Hal ini berarti bahwa setiap manusia Indonesia di harapkan supaya selalu berkembang sepanjang hidup, dan  di pihak lain masyarakat dan pemerintah di harapkan agar dapat menciptakan situasi yang menantang untuk belajar. Prinsip ini berarti, masa sekolah bukanlah satu-satunya masa bagi setiap orang untuk belajar, melainkan hanya sebagian dari waktu belajar yang akan berlangsung seumur hidup.
Konsep pendidikan seumur hidup merumuskan suatu asas bahwa pendidikan adalah suatu proses yang terus menerus (kontinu) dari bayi sampai meninggal dunia.
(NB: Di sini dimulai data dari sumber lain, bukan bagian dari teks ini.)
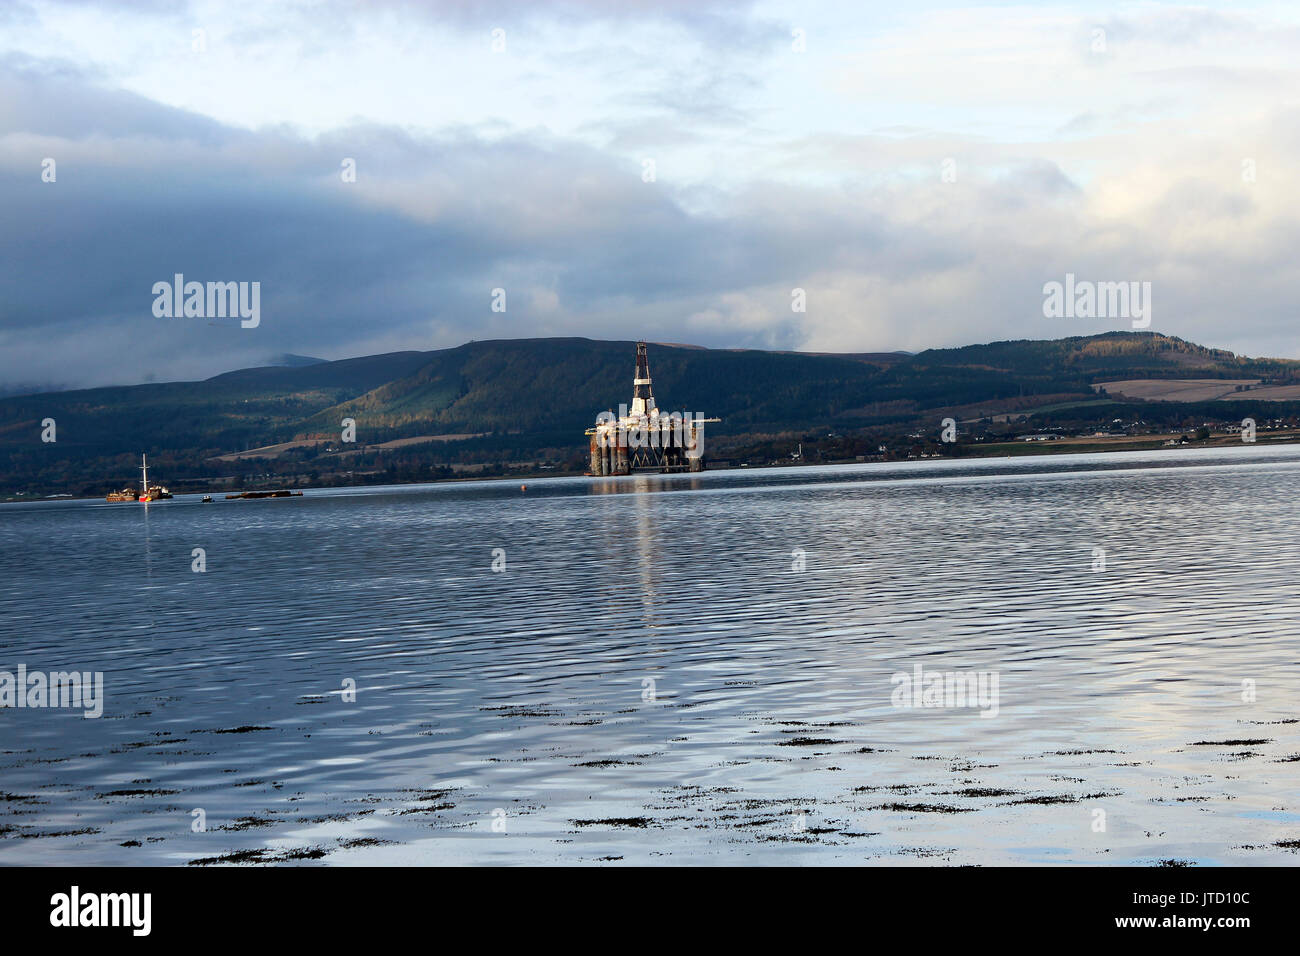 Schottland, Highlands, Scottish Scenery, Oil Platform, Oil Rig, Bohranlage, Industrie auf See, Wasserreflektionen, Green Mountain Hintergrund Stockfoto

Konsep ini sesuai dengan konsep islam seperti yang tercantum dalam hadis Nabi Muhammad SAW. Yang menganjurkan belajar mulai sari buaian sampai ke liang kubur.
Sebenarnya ide pendidikan seumur hidup telah lama dalam sejarah pendidikan, tetapi baru popular sejak terbitnya buku Paul Langred, An Introduction to Life Long Education (sesudah Perang Dunia II). Kemudian di ambil alih oleh International Commision on the Development of Education (UNESCO).
Istilah pendidikan seumur hidup (Life Long Integrated Education) tidak dapat diganti dengan istilah-istilah lain sebab isi dan luasnya (scope-nya) tidak persisi sama, seperti istilah out of School education, recurrent education.